Thank you. I received the sample documents. I see you sent one as rtf, but
CSE HTML Validator doesn't check rtf files so I loaded it in Microsoft Word and copied the text to the clipboard and then pasted it into
CSE HTML Validator.
When I used HTML Tidy, it said it generated 17 fewer errors and 23 fewer warnings than the original document, so that seemed to be a definite improvement in the tidied version.
I realized that one issue that might be affecting the comparison of the before & after is if the validation is terminated because of too many errors or warnings. In this case the results may not be accurate because the entire document wasn't checked. I will try to address this issue in an update.
The above looks like what might be causing the confusion in your case. The screenshot you provided is difficult to read. Is it showing 20 warnings for the original and the tidied version? If so, then it is likely the validation was aborted because of too many warnings, and because the validation of the original document may not have stopped at the same place as the validation of the tidied document, the results can be misleading or incomparable.
You could try increasing the maximum number of errors and warnings to 50 or so, in the
Options->Validator Engine Options,
Validator Engine->Message Output page. You could also try turning off accessibility checking. This may improve the comparison results.
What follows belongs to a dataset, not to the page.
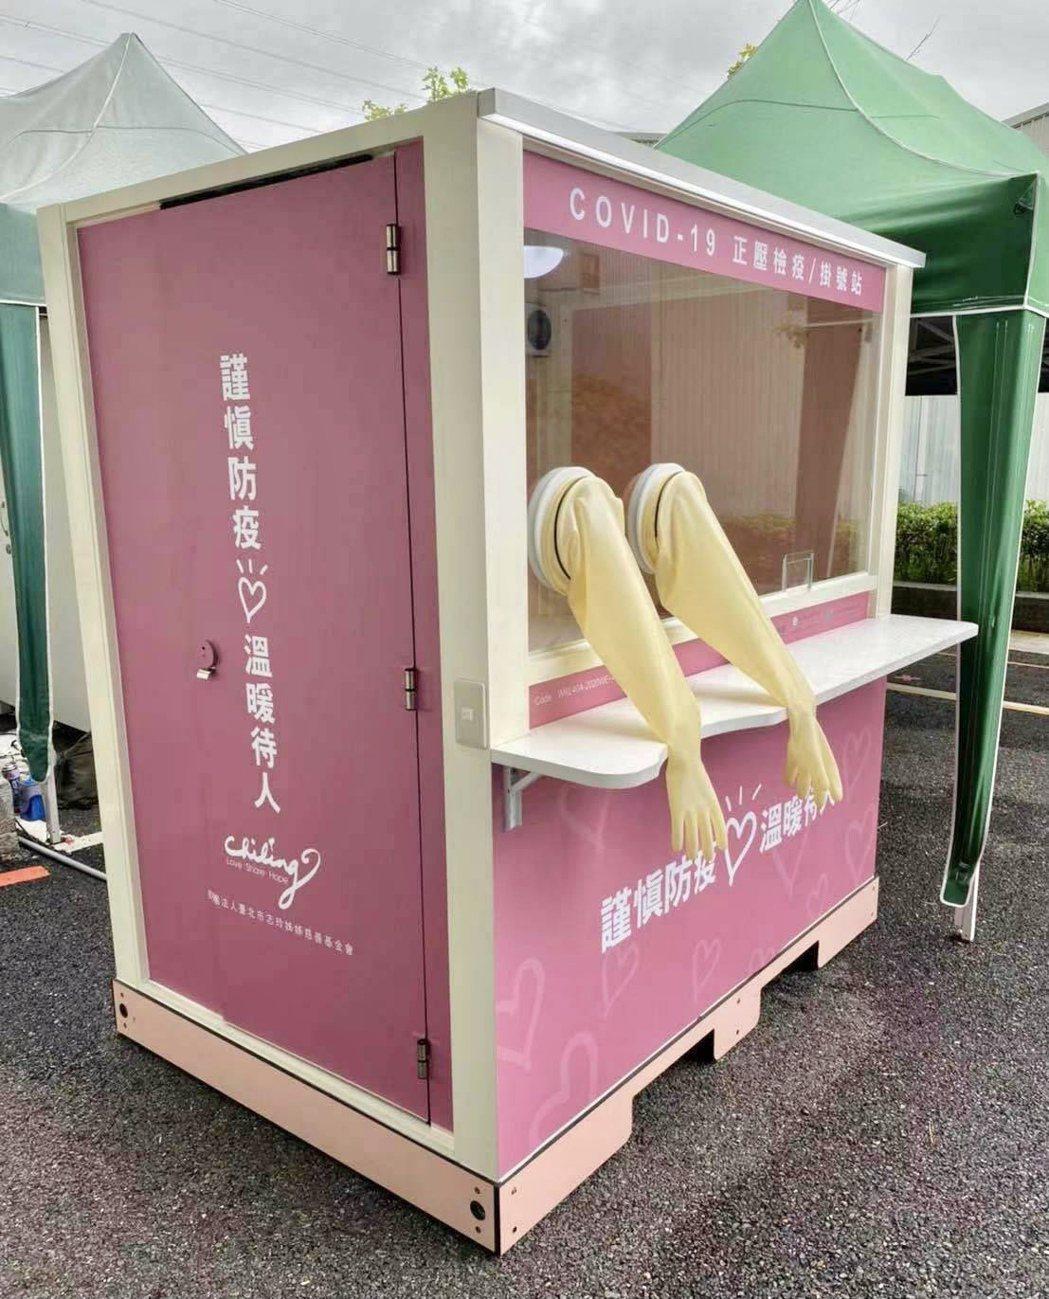 此次捐贈的正壓檢疫亭,是新創公司威浦斯科技的專利技術產品。威浦斯科技提供

By the way, I noticed in the original document there was this line with a missing '=' after the "content" attribute:
- Code: Select all
<meta name="robots" content"index, follow">
HTML Tidy "corrects" this to:
- Code: Select all
<meta name="robots">
Notice it removed the
content"index, follow" part completely, as it probably assumed it was just an invalid attribute or construct. This is a good example of how these tools can do things you really don't want, so always be aware of things like this when using any auto-fix tool.